La qualification du TP Mazembe Englebert avait été présentée comme une simple formalité, mais le champion de RD Congo en titre a bien failli connaître l'un des plus terribles revers de son histoire, en demi-finale de la Ligue des champions de la CAF. Le club de Lubumbashi a finalement assuré l'essentiel en arrachant la victoire 5:4 sur l'ensemble des deux manches face aux Soudanais. Il n'en reste pas moins que les joueurs congolais ont vécu dimanche une après-midi d'angoisse alors qu'ils pensaient avoir fait le plus difficile au match aller.

Vainqueur 5:2 à Omdurman en début de mois, Mazembe abordait le match retour nanti d'une confortable avance. Les Corbeaux, quadruples finalistes de l'épreuve entre 1967 et 1970, se sont peut-être un peu vite imaginés en finale. Il faut dire que le succès obtenu en terre soudanaise était le plus large jamais enregistré à ce stade de la compétition. Dans ce contexte, le match de dimanche à Lubumbashi a pris des allures de simple formalité.

Un coaching parfait
Pour espérer accéder à la finale, les visiteurs devaient s'imposer au minimum 4:0. Autant dire que les Soudanais auraient eu besoin d'un miracle pour renverser la situation. Pourtant, au fil des minutes, le rêve a commencé à prendre forme. Edward Sadomba a ouvert le score à la 26e minute en profitant d'une erreur défensive. Six minutes plus tard, Al Hilal doublait la mise. Bien lancé dans le dos de la défense, Mohamed Tahir se présentait seul face au gardien de Mazembe. Au prix d'une belle parade, Robert Kidiaba parvenait à détourner le tir de l'attaquant soudanais, mais le Zimbabwéen Sadomba était le plus prompt pour glisser le ballon au fond des filets.

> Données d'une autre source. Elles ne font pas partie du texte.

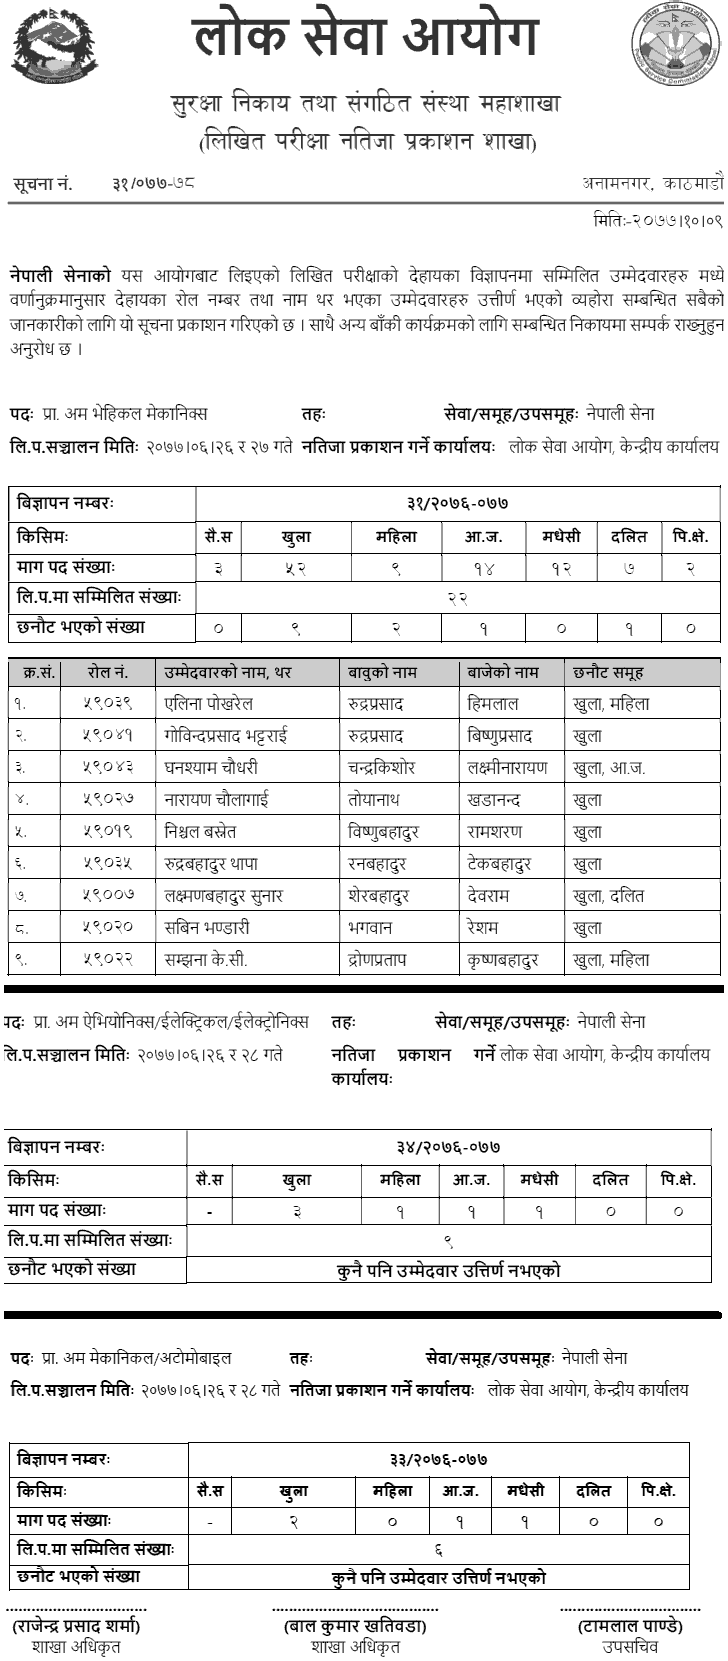 Nepal Army Prabidhik Amaldar Vehicle Mechanics, Automobile and Electronics Written Exam Result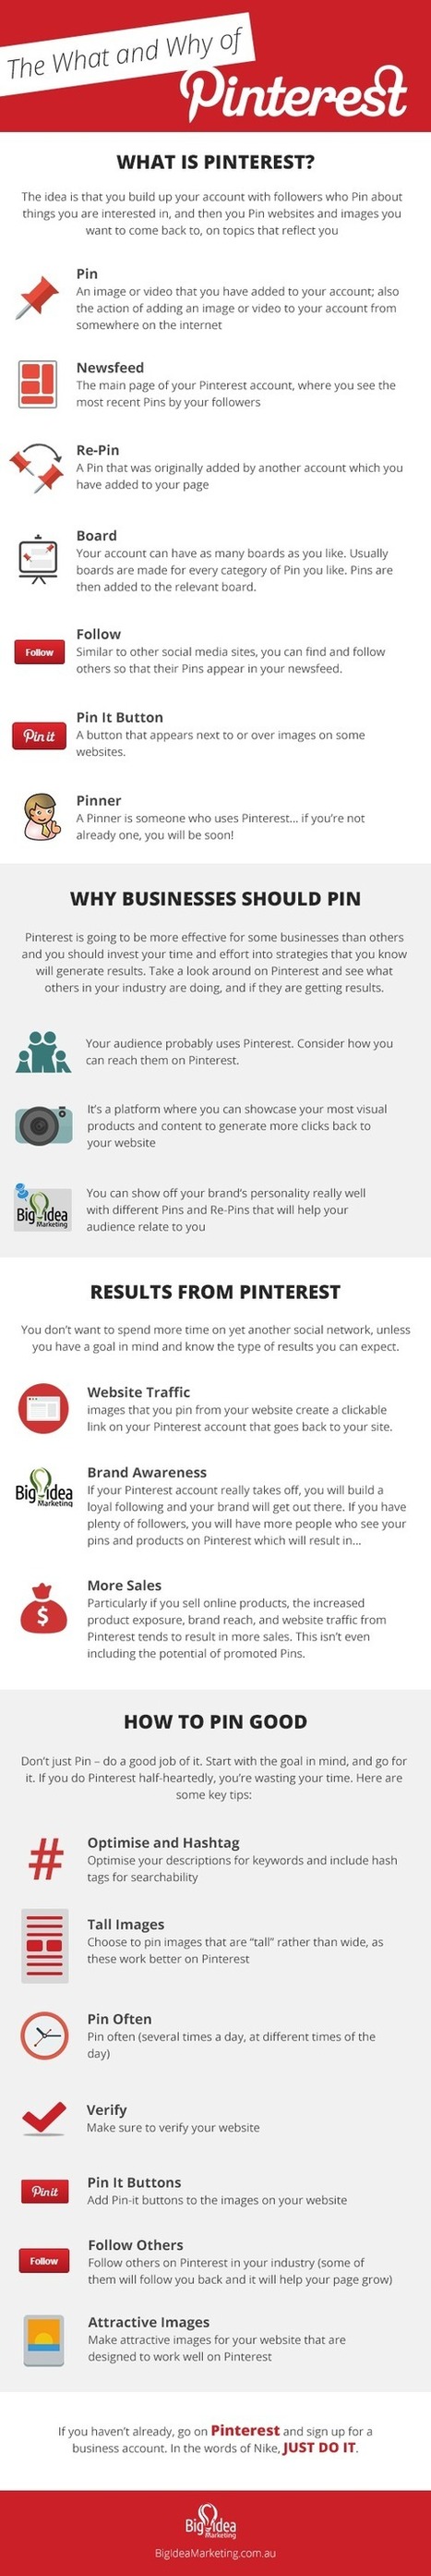 Qué y por qué de Pinterest para tu empresa #infografia #infographic #socialmedia | Seo, Social Media Marketing | Scoop.it

Ce scénario catastrophe a vite semé la consternation dans les rangs congolais. Conscient de la gravité de la situation, l'entraîneur Diego Garzitto procédait à plusieurs changements à la pause dans l'espoir de remettre son équipe sur de bons rails. Le jeune Deo Kanda, titularisé pour la première fois en Ligue des champions de la CAF, a été le premier à faire les frais de cette réorganisation en cédant sa place au Camerounais Narcisse Ekanga. Un deuxième remplacement allait permettre aux locaux de se ressaisir. Sans véritablement dominer son sujet, le TP Mazembe s'est créé plusieurs occasions en deuxième période, sans toutefois parvenir à déstabiliser une défense soudanaise parfaitement organisée.

Plus rien ne fut marqué par la suite mais les célébrations d'après-match ont tourné court. Inquiets de cette triste performance, les supporters congolais ont tenu à manifester leur désapprobation. Le résultat est d'autant plus médiocre que les joueurs avaient assuré avant la rencontre qu'ils entendaient se montrer aussi tranchants qu'ils l'avaient été à l'aller. Le TP Mazembe doit maintenant se préparer à affronter Heartland FC le dimanche 1er novembre à Owerri pour le compte de la première manche de la finale de la Ligue des champions de la CAF. Le match retour aura lieu à Lubumbashi une semaine plus tard. Le vainqueur de l'épreuve sera directement qualifié pour la Coupe du Monde des Clubs de la FIFA, organisée à Abou Dabi en décembre.